In 2013, the European Union proposed the 10-year Human Brain Project, which is still the most important human brain research project in the world.

A year earlier, in 2012, the European Commission decided to initiate a Public-Private Partnership in Robotics, later named SPARC. Driven by an aging population and little access to cheap labor, manufacturing companies in the EU traditionally are under more pressure to automatize, than companies in China and the US. Hence robotics is taken very seriously in the EU.


Japan has an even sharper focus on robotics, mostly for the same reasons as the EU. It has, with a margin, the most robot users, robotics equipment, and service manufacturers in the world.


In March, Emmanuel Macron outlined France’s national strategy for artificial intelligence. The government will spend 1.5 billion euros over five years to support AI research, encourage startups, and collect data.

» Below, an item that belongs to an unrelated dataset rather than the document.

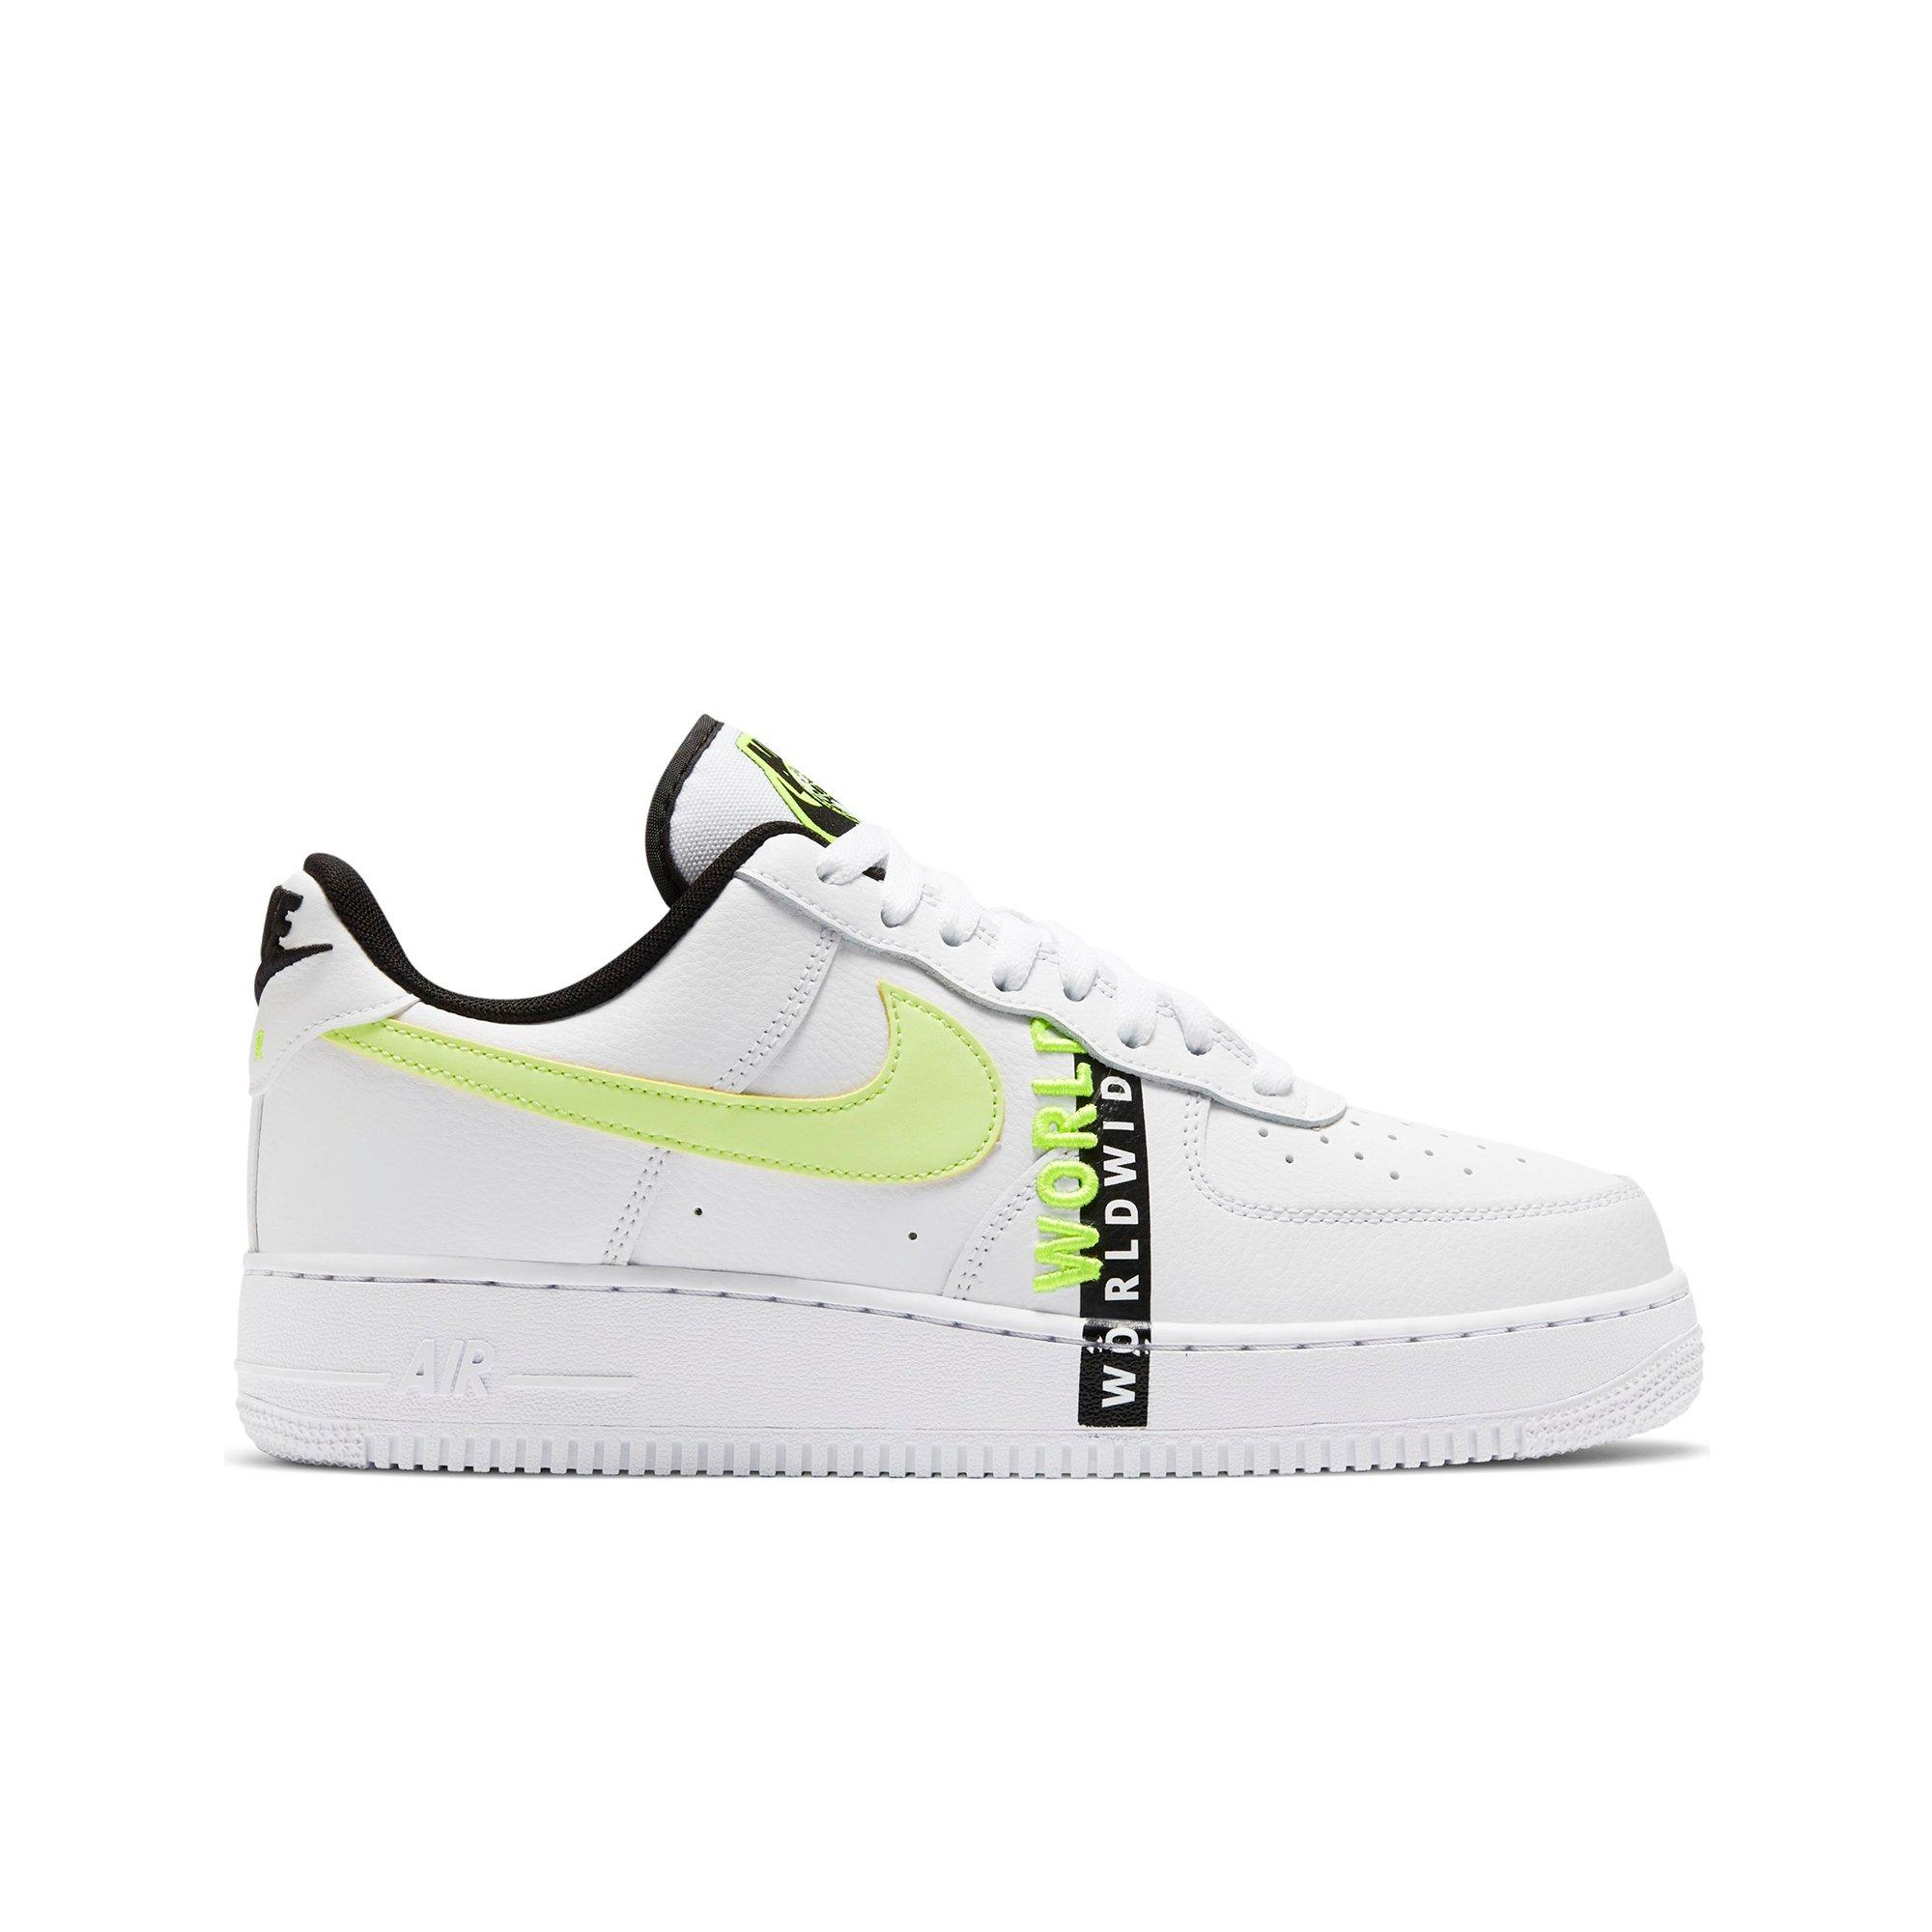 nike air force 1 07 women's white size 8.5
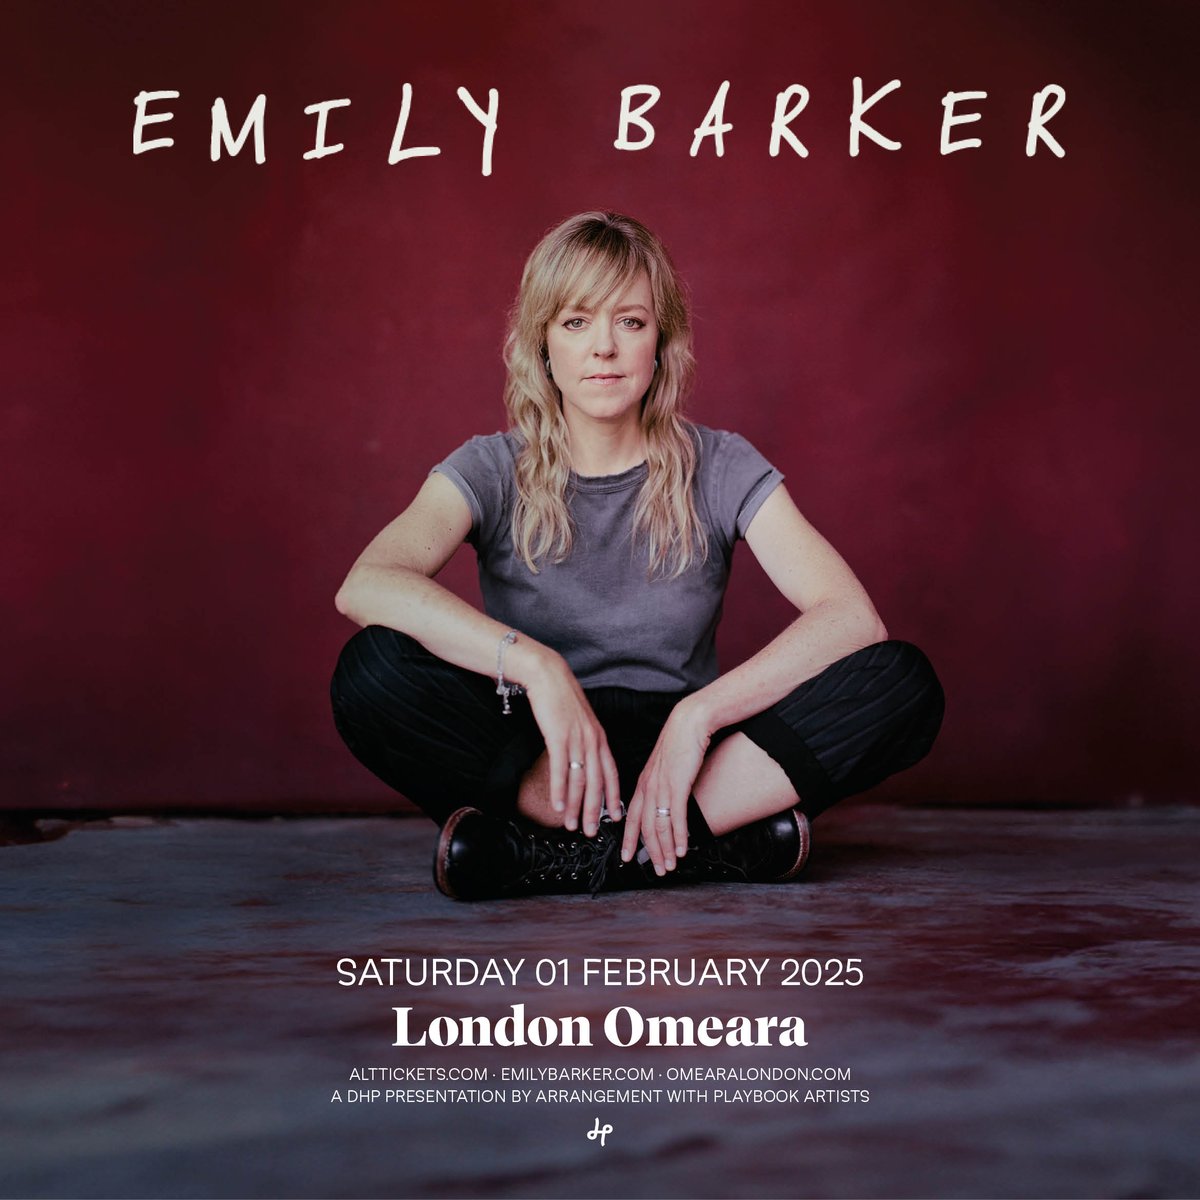 With her new album, 'Fragile as Humans', coming out tomorrow, @emilybarkerhalo has announced a show at @omearalondon on 1st February! Tickets go on sale tomorrow at 10am, set a reminder now: bit.ly/4bjGWVp

In a Wired interview, Macron discussed the reasons behind the initiative. While you can read some fear of missing out between the lines, one central goal seems to be defending European values and the way we live. When a technology shapes every aspect of our lives as AI does, it’s best to be involved in shaping the standards that govern this technology.

Paris is already an AI Hub with labs of some of the biggest players.  With regained self confidence after winning the soccer world cup, and under considerate, sober-minded political leadership, it looks like France will enter the club of global AI leaders rather sooner then later. Either with or without the rest of the EU.

United Kingdom

With the chaos surrounding the Brexit, it is hard to say if the UK will be able to execute consistently on a national AI strategy, or any strategy at all. But it certainly has enormous potential. DeepMind, Swiftkey and Babylon all started in the UK.

In April, the UK government has presented something like a national AI strategy in a quite detailed policy paper called the “AI Sector Deal“. The point of this deal is, to establish a strong partnership between business, academia and government. The objective is rather bold:

 A revolution in AI technology is already emerging. If we act now, we can lead it from the front. But if we ‘wait and see’ other countries will seize the advantage. Together, we can make the UK a global leader in this technology that will change all our lives.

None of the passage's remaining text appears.